Lance propped his hands on either side of her, leaned down so that his face was close to hers and the scent of freshly shampooed hair hit her, and said quietly, “If you are not up and out of bed by six in the morning, every morning, this is not going to work. You hired me to do a job.” He straightened. “Let me do it.”
Her pulse thrummed, more from his words than his proximity, which was odd. It was the way he’d spoken them, confident and without any bullshit. Maggie let her head fall back onto the pillow and looked up at a black ceiling. “Okay. You’re right. Okay. But why can’t it be at seven?”
“I’m sorry, what did you say? I didn’t quite catch that. Did you say you were sorry? And it’s six. I have other things to do with the rest of my day.”
Maggie propped herself up on her elbows and glared at his head. Lance stood with his legs apart and arms crossed over his expansive chest. She couldn’t see his face, but she didn’t need to, to know that it was smug.
She raised a hand, one particular finger lifted. “Let me know if you catch—”

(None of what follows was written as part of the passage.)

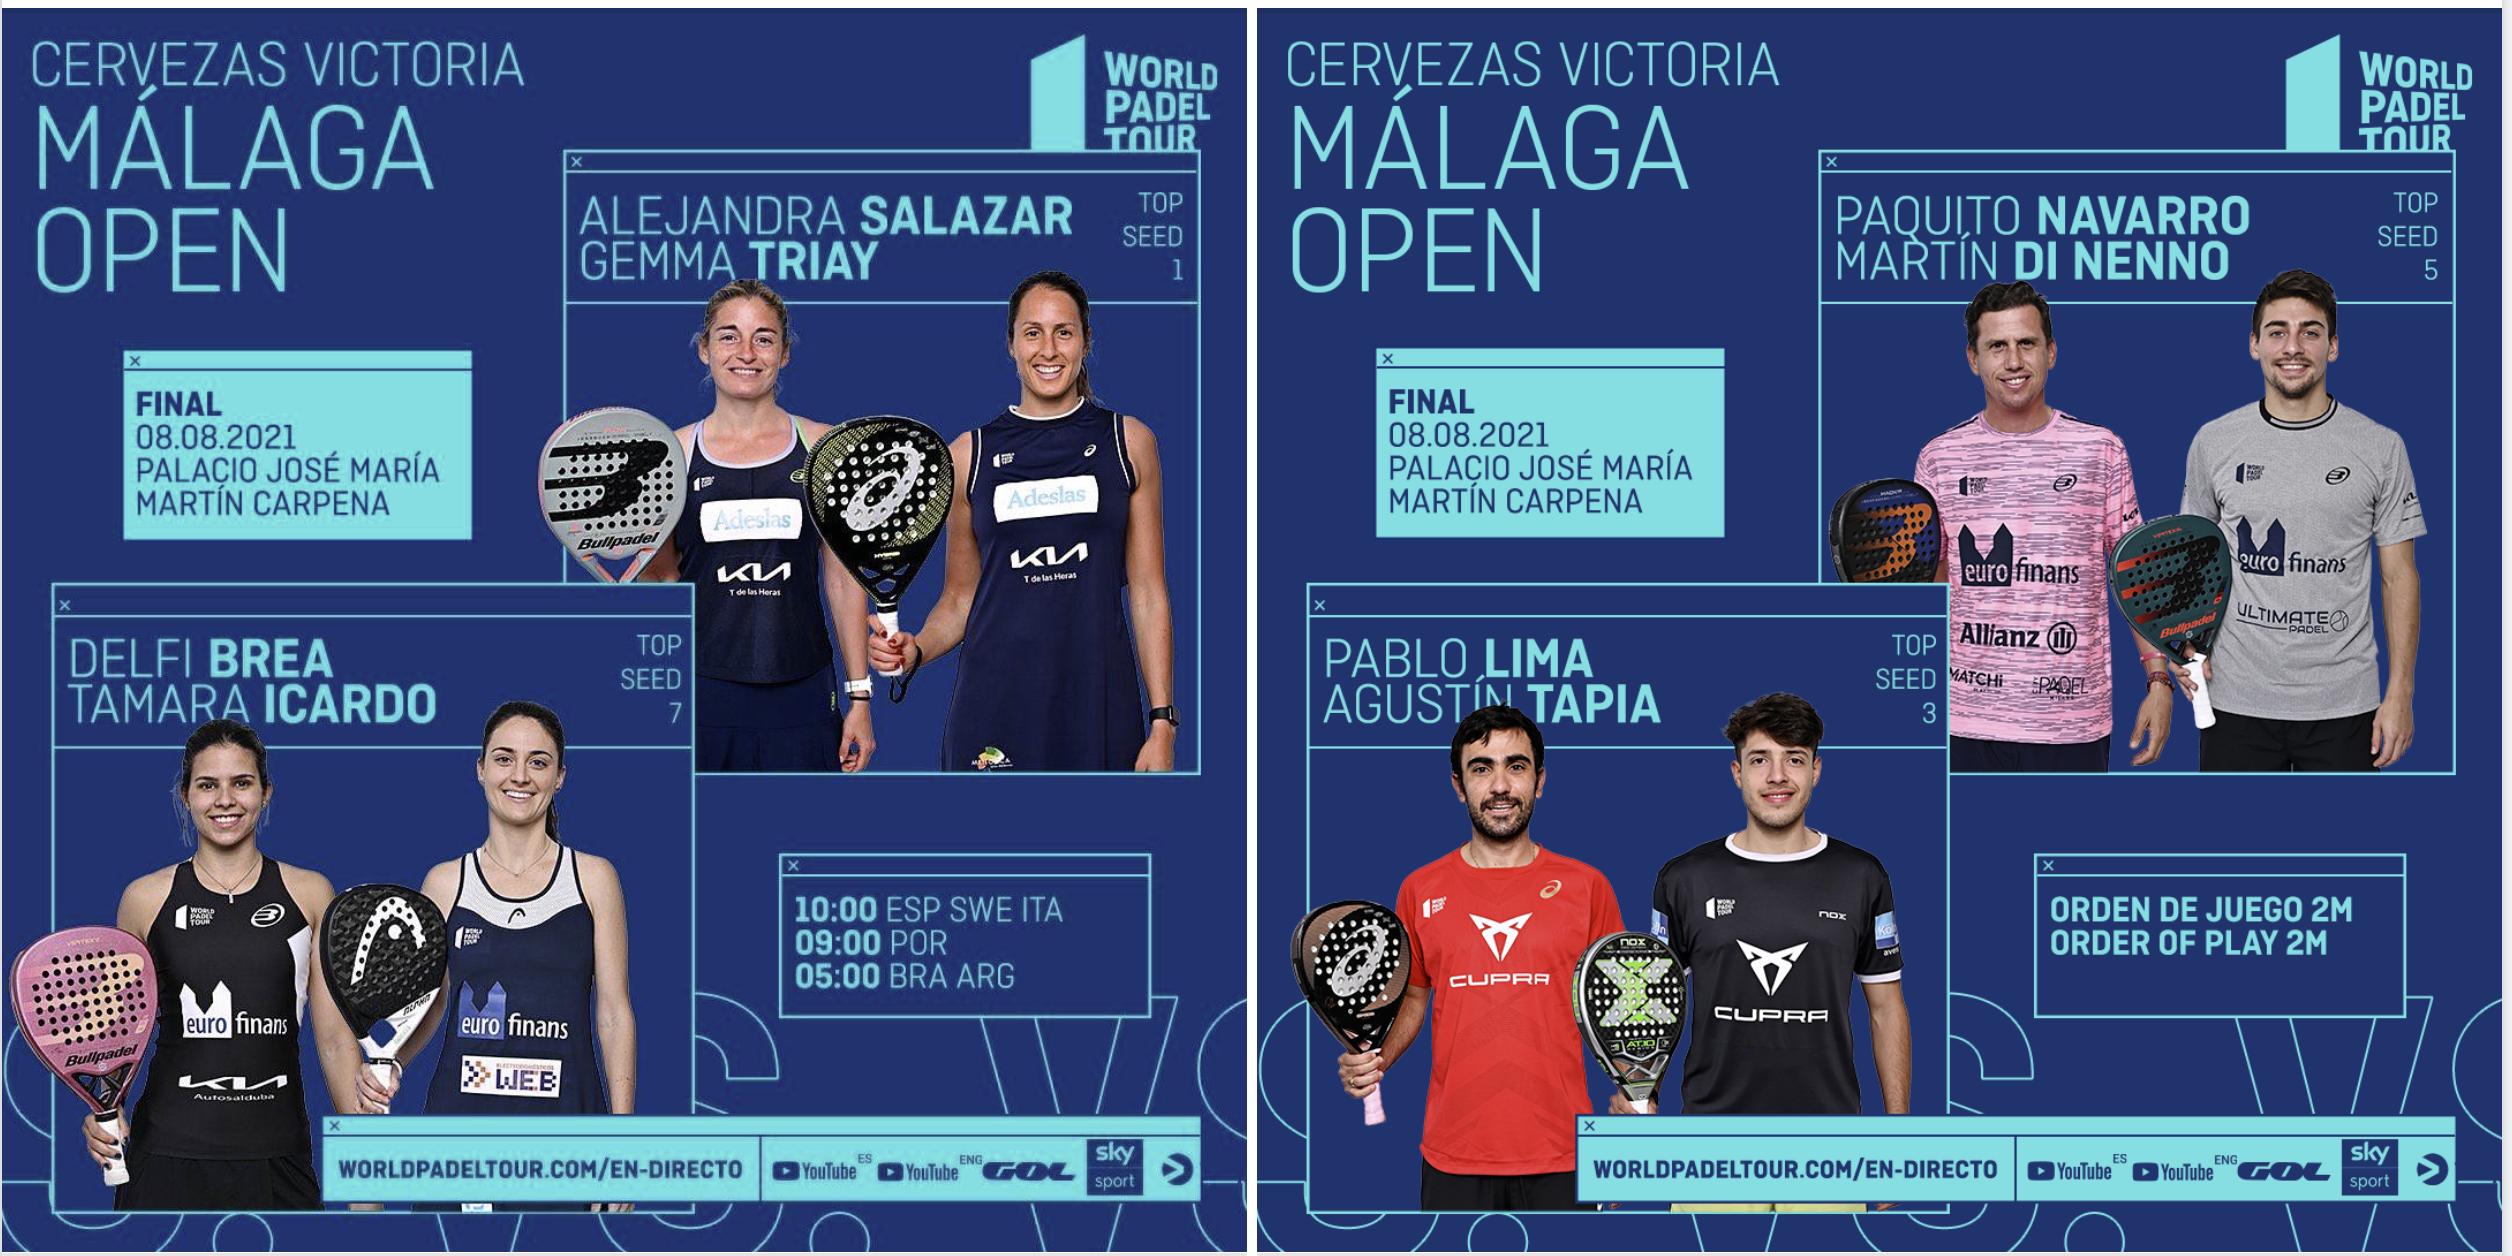 finales world padel tour open malaga 2021

“I’ll meet you downstairs,” he hastily interjected.
Deciding it was too much effort, and a wasted one, to make herself presentable, Maggie tugged on a sports bra that mashed her D-cup breasts into one, huge uni-boob. She finished off the ensemble with a yellow tank top that had seen its share of grease and dirt, and red shorts. She didn’t brush her hair, and she didn’t brush her teeth. If Lance saw her at her worst, his expectations would be low, so when she actually tried to look decent, he would be impressed.
Not that she cared what he thought.
The bottom of the stairs seemed unreachable as she made her zombie-trek down them—a slow, disjointed, swaying amble with the purpose to remain upright and mobile. Lance leaned against the kitchen counter and watched her advance, sipping from her favorite mug. It was pink with a heart on either side. She wanted to snatch it away from him. He should have been embarrassed to use such a cup, but as with all things concerning Lance, he looked good holding it, totally natural. Annoyingly so.